The type of bowlers Moeen and Lyon are and the balance of the attacks they operate within define their differing roles.
Lyon, as part of a four-man attack is employed as a stock bowler who looks to keep things tight and hold up an end, while Moeen, as part of a five man attack is more of an attacking option. These roles are reflected in their workloads. Since both players made their debuts Moeen has bowled 17% of England’s total overs while Lyon has bowled 23% of Australia’s. Moeen’s average workload is 16.4 overs an innings, whilst Lyon’s averages 20.4 overs, nearly a quarter more than his English counterpart.
Australia are set to pick a four man bowling attack with no part-time bowlers to support them meaning Lyon is going to be needed to fulfil a holding role once again. England will want to use Moeen as an attacking option but given the likely inexperience of England’s fourth pace bowler in Ben Stokes’ absence Moeen may need to assume a more Lyon-like role.
Revealingly, Lyon is far more of a threat in the first innings of matches, taking 57% of his wickets in the first innings, compared to Moeen who takes 57% of his wickets in the second innings despite Lyon bowling second more often than Moeen. A possible explanation for this is that Lyon’s control and accuracy are a persistent threat on unforgiving surfaces, but as pitches deteriorate, Moeen’s attacking strategy comes into its own.
Since the start of 2010 spinners have only found an average of 3.29° of deviation when playing in Australia – less than in any other host country. It is unsurprising therefore, that in that time the spin average of 48.06 in Australia is higher than in any other country.
How each team approach the opposition’s spinner will be fascinating. The makeup of Australia’s attack means that if England were to successfully get after Lyon they could make life very difficult for Steve Smith who will be relying on Lyon for control. However, Lyon thrives on batsmen attacking him, dismissing them once every 30 attacking shots compared to the global average of 37. Given the strength of Australia’s pace attack England will be aware of the need to be positive against Lyon but they should remain wary not to gift their wickets to him – busy proactivity may be the way to go.

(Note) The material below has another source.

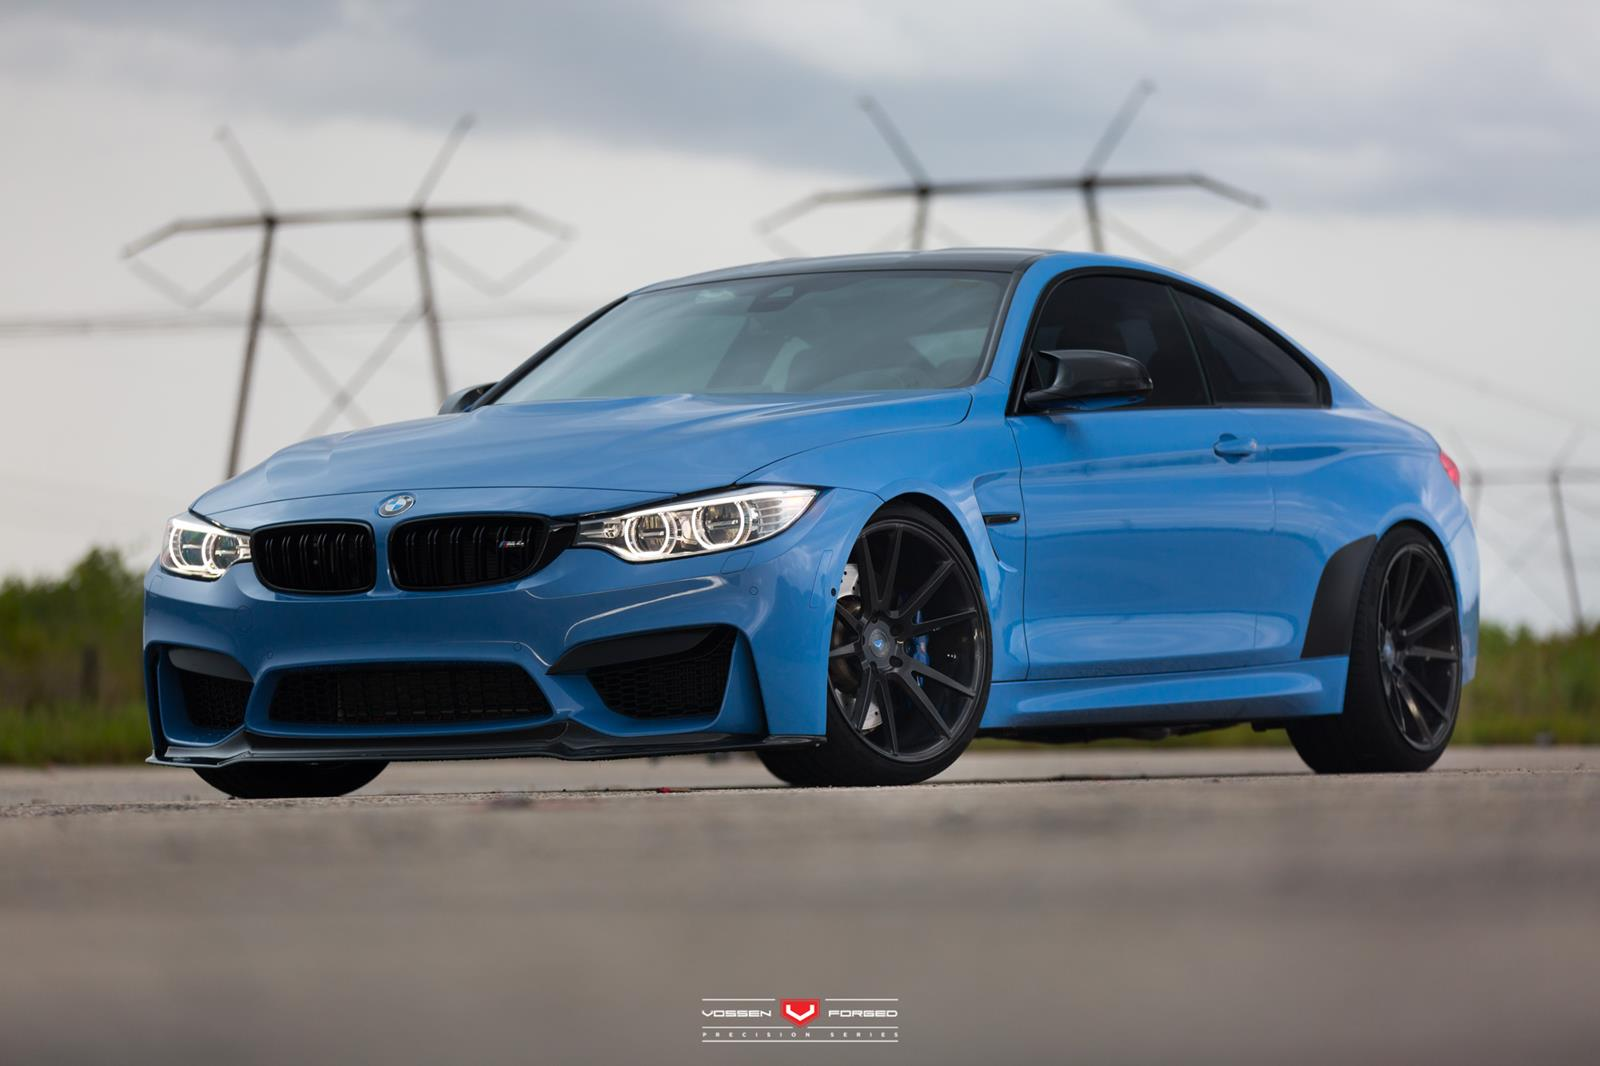 BMW M4 VOSSEN FORGED PRECISION SERIES VPS 301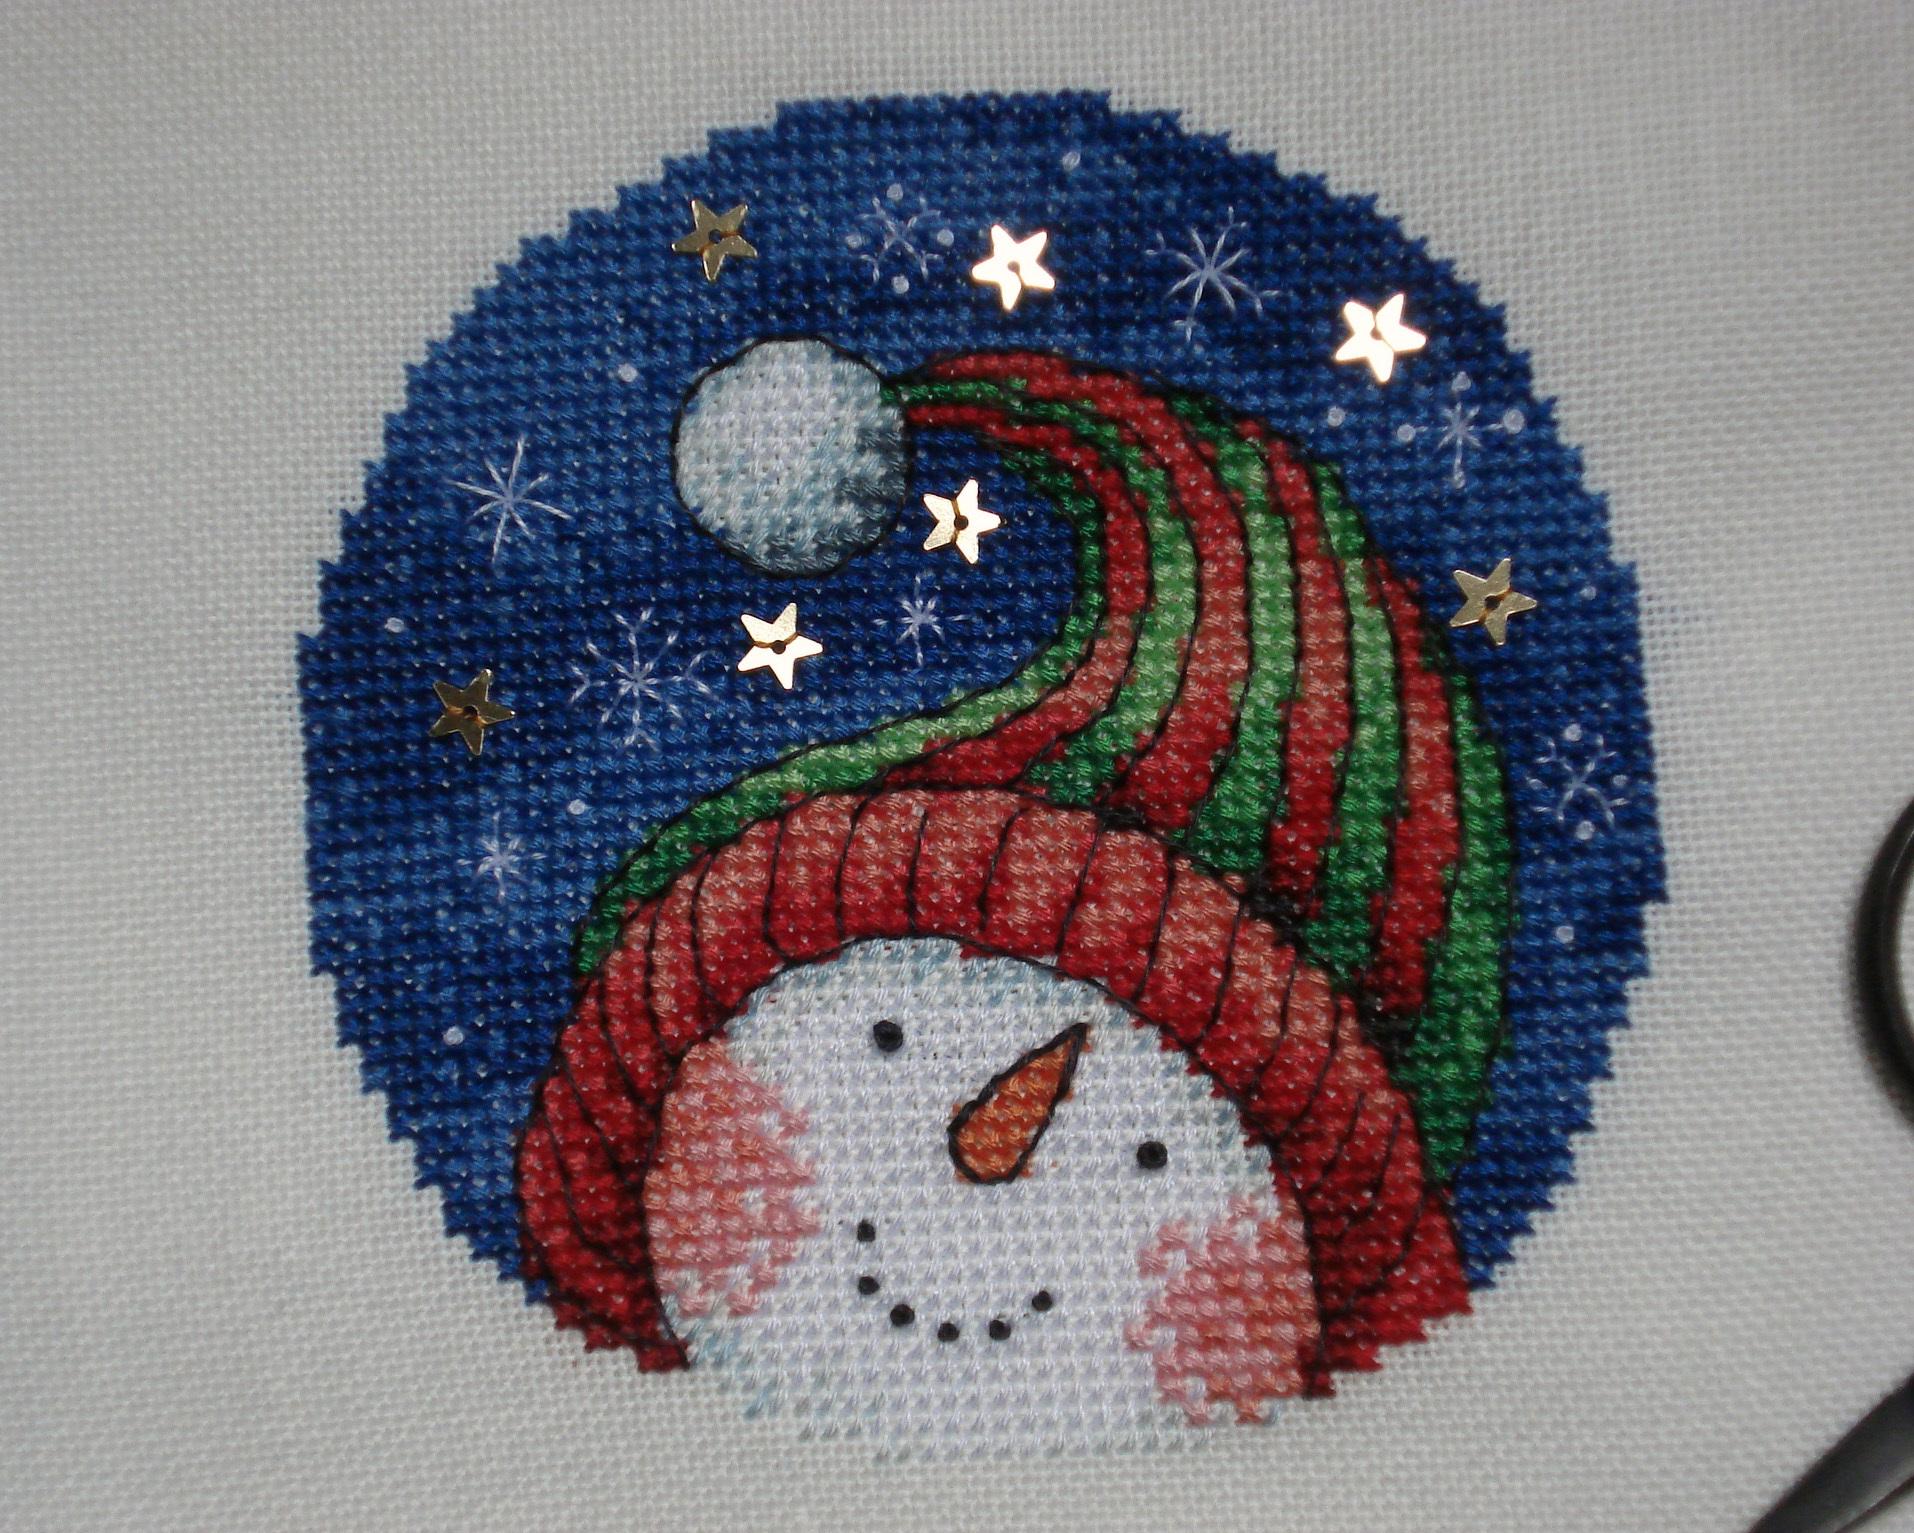 Snowman ornament 3672165860 o

In the 2015 Ashes Australia took on Moeen, attacking 36% of his deliveries (global average 26%) which brought some success, seeing them average 45.50 against him. However, Moeen is an improved bowler since then and while attacking him may bring quick runs it could be costly. Interestingly Warner, Smith, Khawaja, Marsh and Handscomb look to use their feet to disrupt spinners’ length, but Moeen boasts an impressive average of 27.61 when batsmen come down the track to him. Instead Moeen struggles when batsmen sweep him, averaging 89.40 – but other than Warner Australia’s batsmen are reluctant to sweep. Unless England’s pacers have effectively choked Australia’s scoring then attacking Moeen is a risk they should not need to take.